My father takes trips on his small boat, named the "Sarah Jane", to Placencia for supplies; rice, beans, and, most importantly, fresh water.  Fresh water is so precious our mother has Sarah and me spend most days in our underwear so she has less clothes to wash.  My father is a gifted fisherman, so we always have more than enough fish to eat.  Fruits and vegetables are a little harder to come by.  Nothing edible grows on our island, and since the nearest port is a sandy peninsula, fruits and vegetables from the mainland are expensive.  However at four, I am just fine with only having some cabbage or a banana once and a while. 

We have a cat named Anelliot, a spunky little tomcat who chases lizards and is always willing to go for a swim.  We have a tiny house, only about 20 feet by 20 feet, which my father built himself.  While building the house he ran out of wood, and money for wood, so our house has two holes in the floor, each about 2 square feet, and about 1 foot apart from each other.  The house is on stilts, so we all have to be careful to walk around the two holes.  When we first moved to the house I asked if there were holes in the floor so we could go pee through them.  My mother and Sarah thought that was so funny that from then on we call them" the pee holes".  Our house is small, but we hardly spend any time inside.  The only things that keep us inside are nighttime, rain, or Sarah's schoolwork. 

Once we get out, Sarah and I spend our days exploring, usually with Anelliot nearby hunting lizards.  Although we can walk around the entire island in a few minutes, Little Harvest Caye is full of ever changing surprises and secrets.  My father has heard stories that pirates had buried treasure on Little Harvest Caye many years ago, and this is the prize he covets.  While Sarah and I enjoy the tales of lost treasure, we are most enamored by the surprises that nature brings us.  The size of the island is always changing, depending on the tide, and with the tide comes a never ending supply of exotic sea life, just waiting to be poked with sticks by two very curious little girls. 

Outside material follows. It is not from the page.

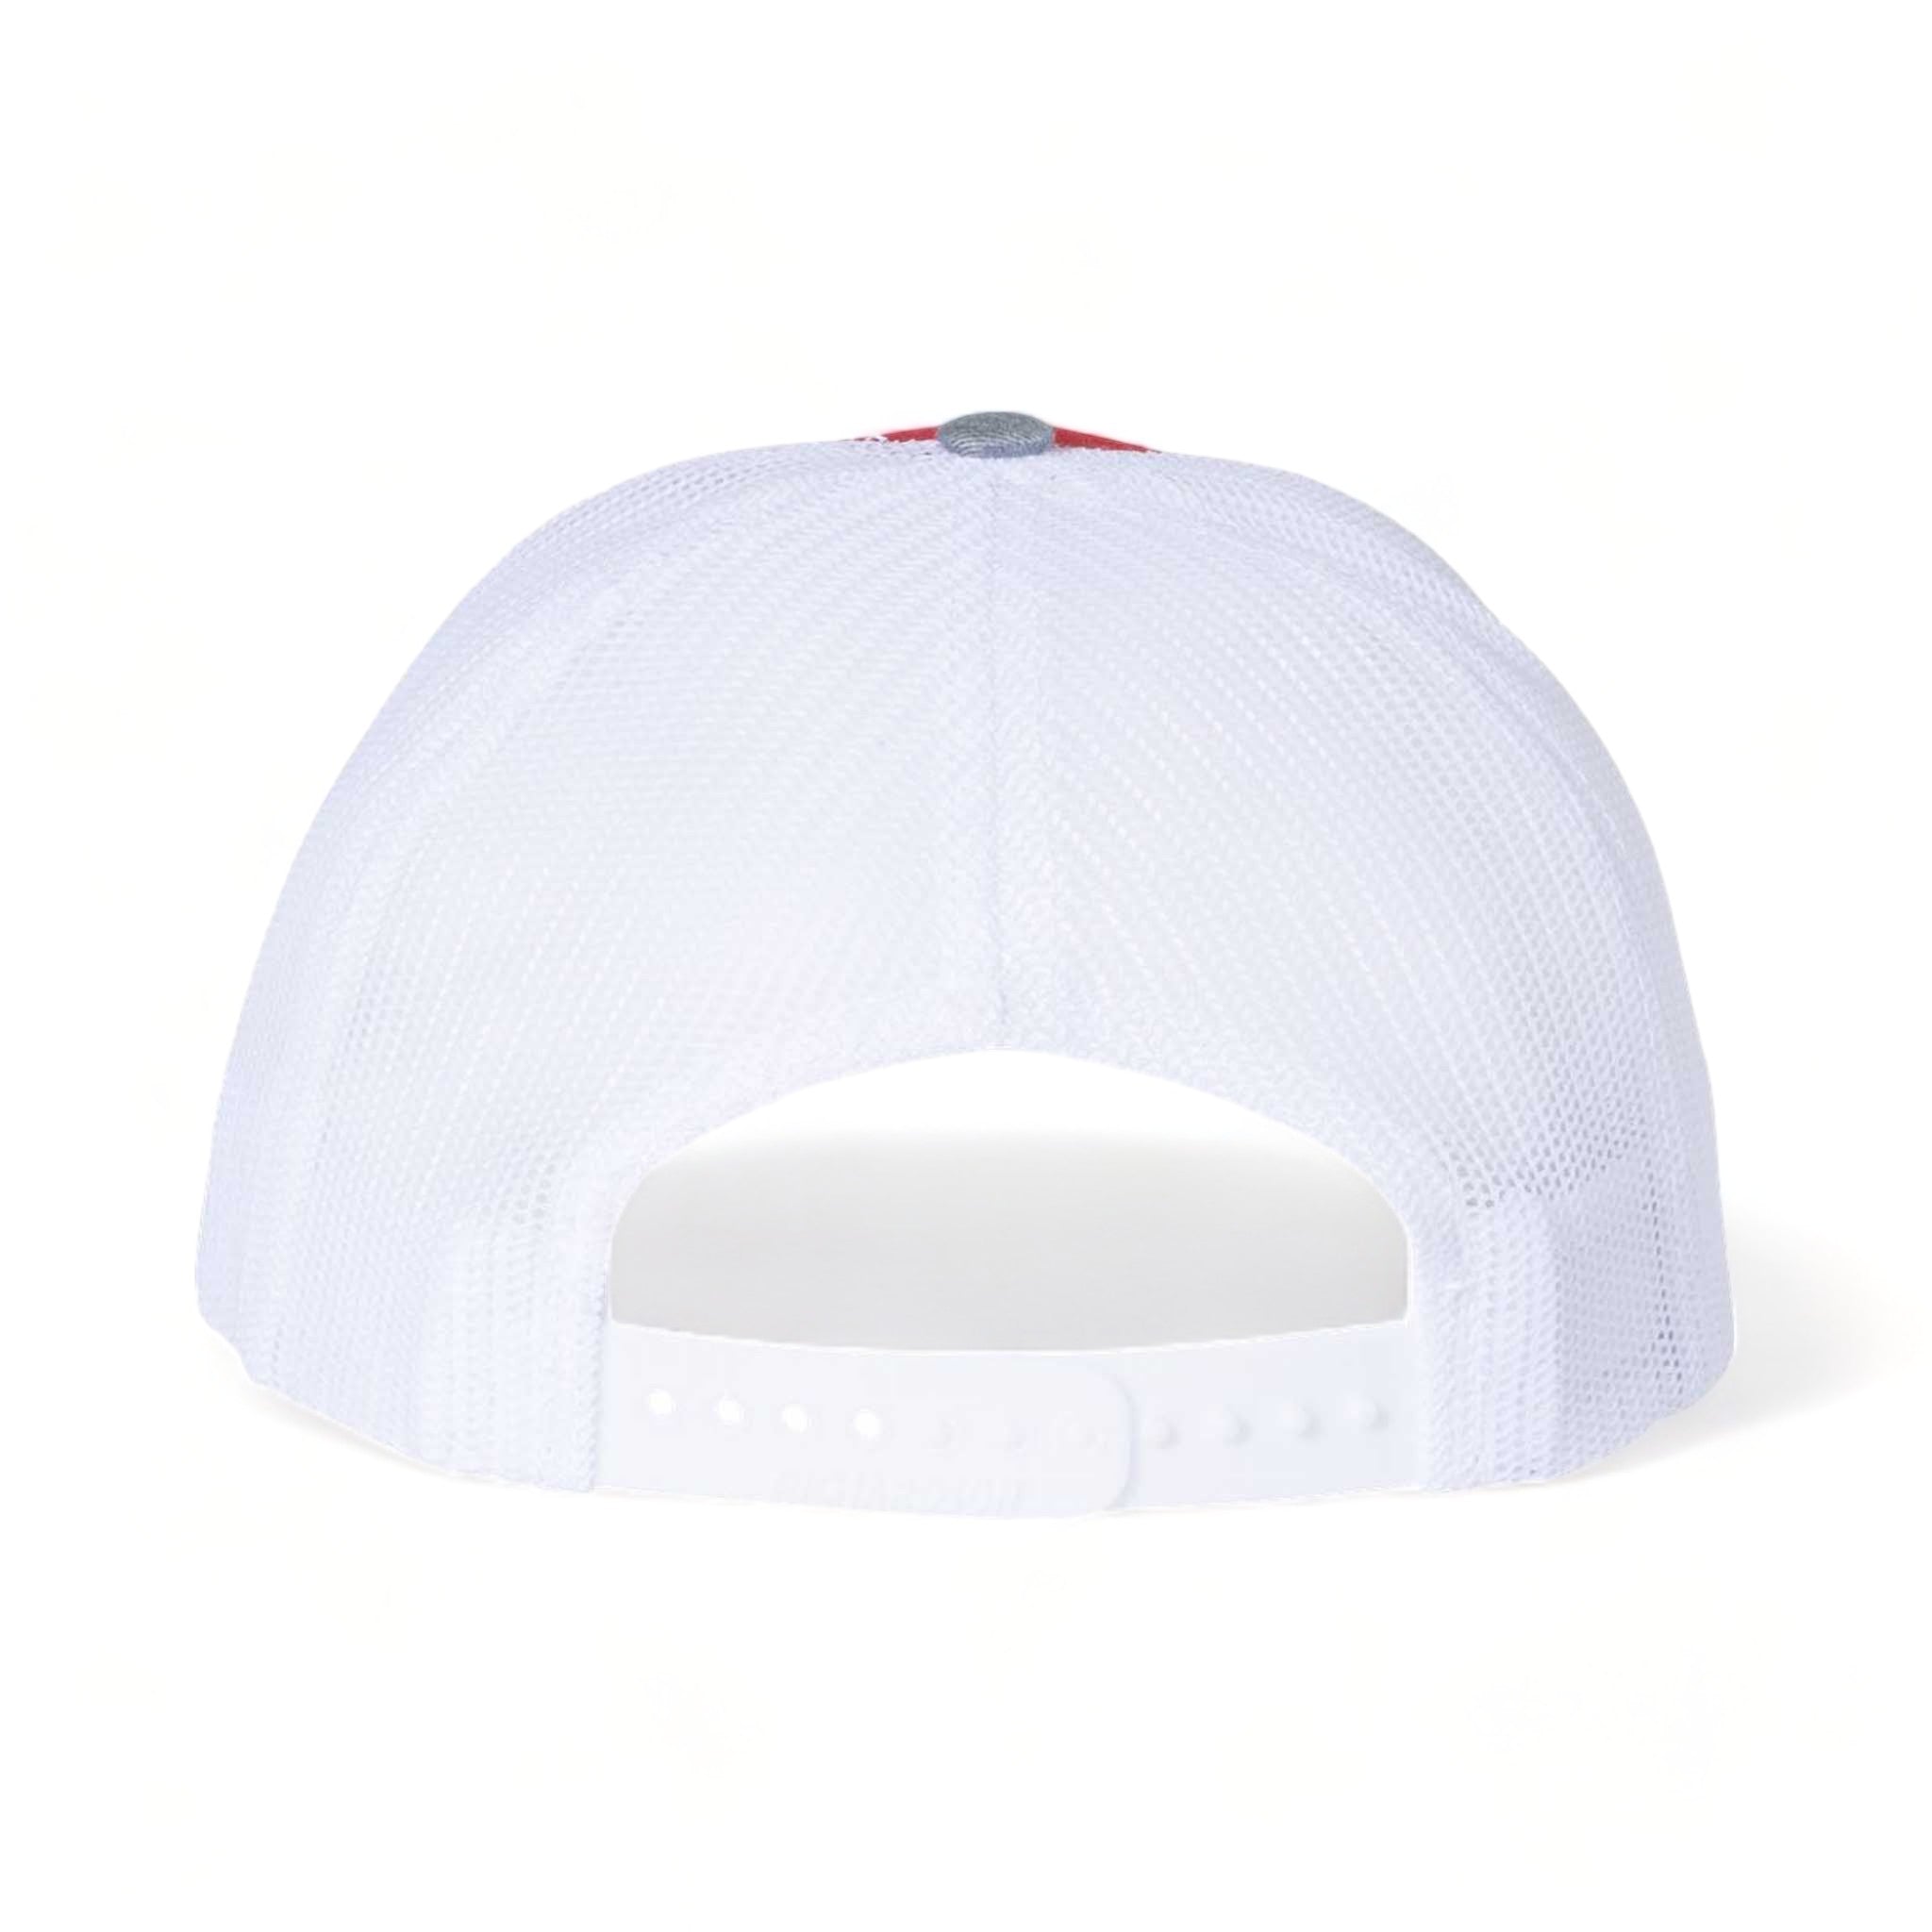 Back view of Richardson 112 custom hat in red, white and heather grey
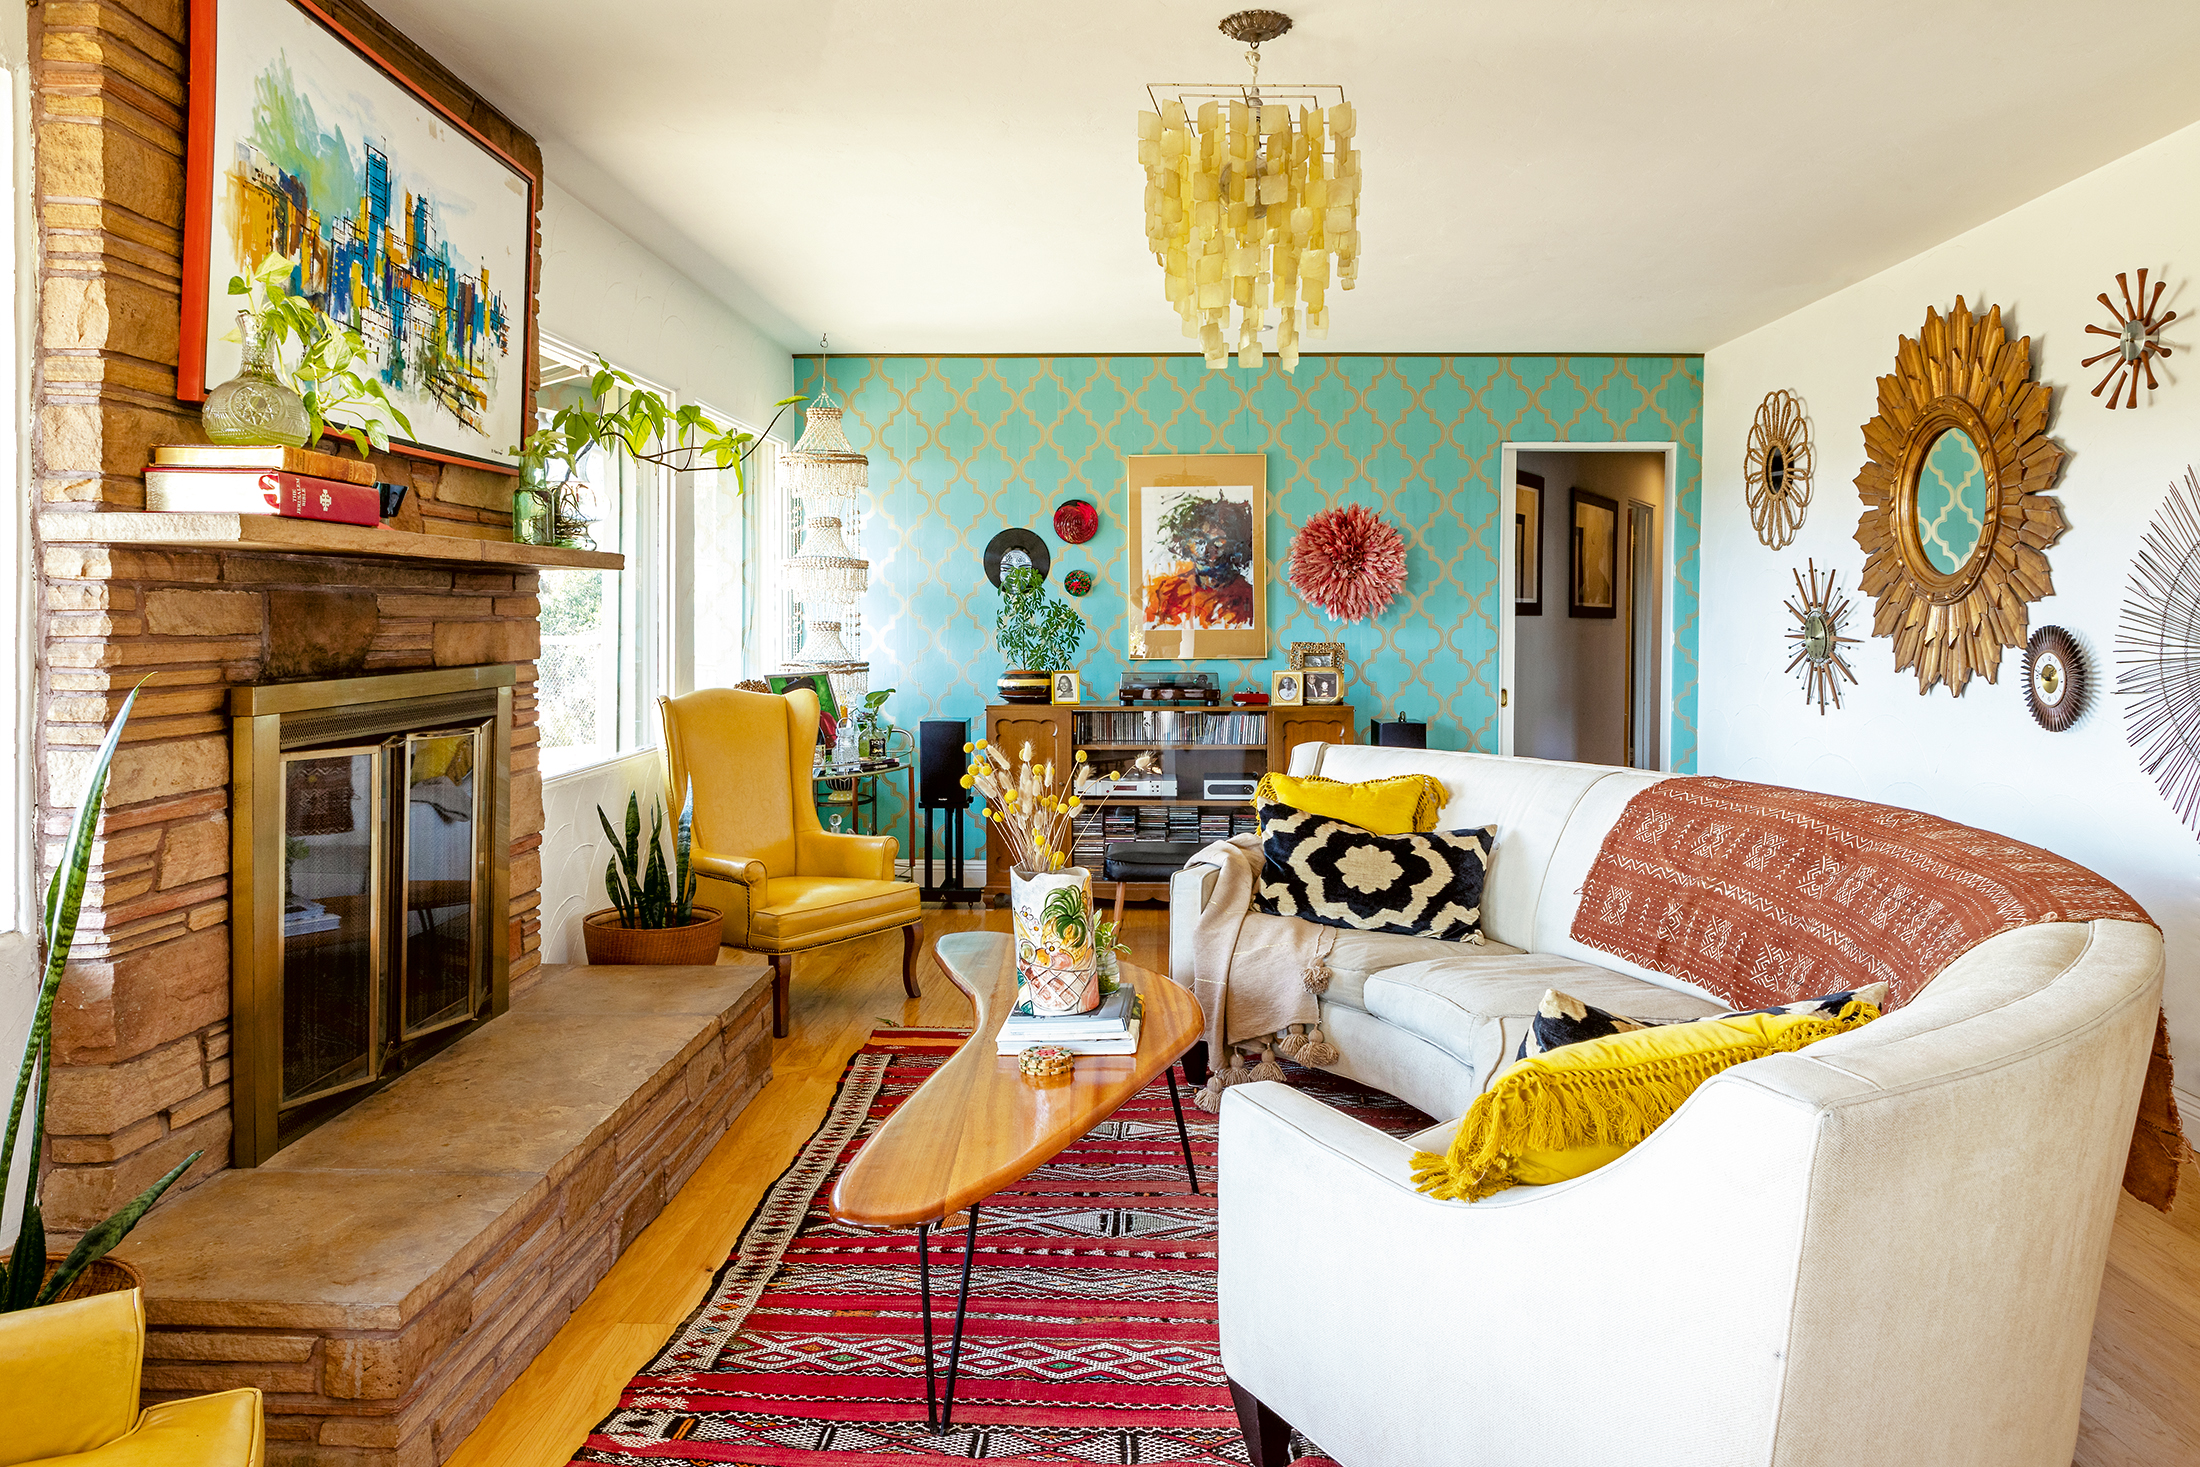 Follow The Yellow Brick Home - Vintage Style: The Boho Chic Decor

The best part is the mangrove trees, a small forest of salt water loving trees at the intersection of land and sea.  With their tall roots, the mangrove trees grow out over the shallow water beyond Little Harvest Caye.  The mangrove trees are where Sarah and I love to be the most.  As Sarah and I stand in the trees we gaze at the tiny island in the distance, and wonder if there is a family like ours living on that island.  From what our parents tell us, no one lives there, but we like to imagine, maybe there is a castle on that island, which is appropriately named Big Harvest Caye.  Maybe a princess who has a horse, and has a closet full of dresses.  We always imagine grand scenarios, pretending beyond the thicket of mangroves on Big Harvest Caye is a vast kingdom, just out of our reach.  I love talking about what could be there behind those trees, but the only place I want to be is here, climbing trees in my underpants with Sarah, watching the sunset.



- Rosanna Forman




Thursday, March 6, 2014

THE PRISONER



I want to tell something of the sea.  Something of madness and infinite blue.  A story of distance and longing that no longer needs words because that pain has seeped into our souls.  The souls of black folk.  The souls of survivors.  The souls of colonized people.

It was the end of the colony.  Not because we put up a fight, but because the sun had officially set on the British Empire.  I was six years old.  Yet even after independence the vestiges of conquest lingered like the brown smoke from a brush fire on a hot, still day.  For example: stilted bungalows with wide, jutting verandahs and jaunty whitewashed shutters succumbing slowly to tropical decay or the penchant, among Belizean criols, for tea and biscuits in the afternoon.  Nothing says “I am colonized” quite like a black person in Central American eating tea and biscuits.  There were also the soldiers, buzzing about in harrier jets, loudly playing war games with dynamite in the Black Hills, and occasionally impregnating the local beauties while keeping our menacing neighbor Guatemala at bay.  We spoke the Queen’s English.  We measured distance in miles.  We sang God save the keeping-an-eye-on-it-all -herself Queen Elizabeth, who stared out with a Mona Lisa smile from every pink, green or purple bill that we were lucky enough to get our hands on.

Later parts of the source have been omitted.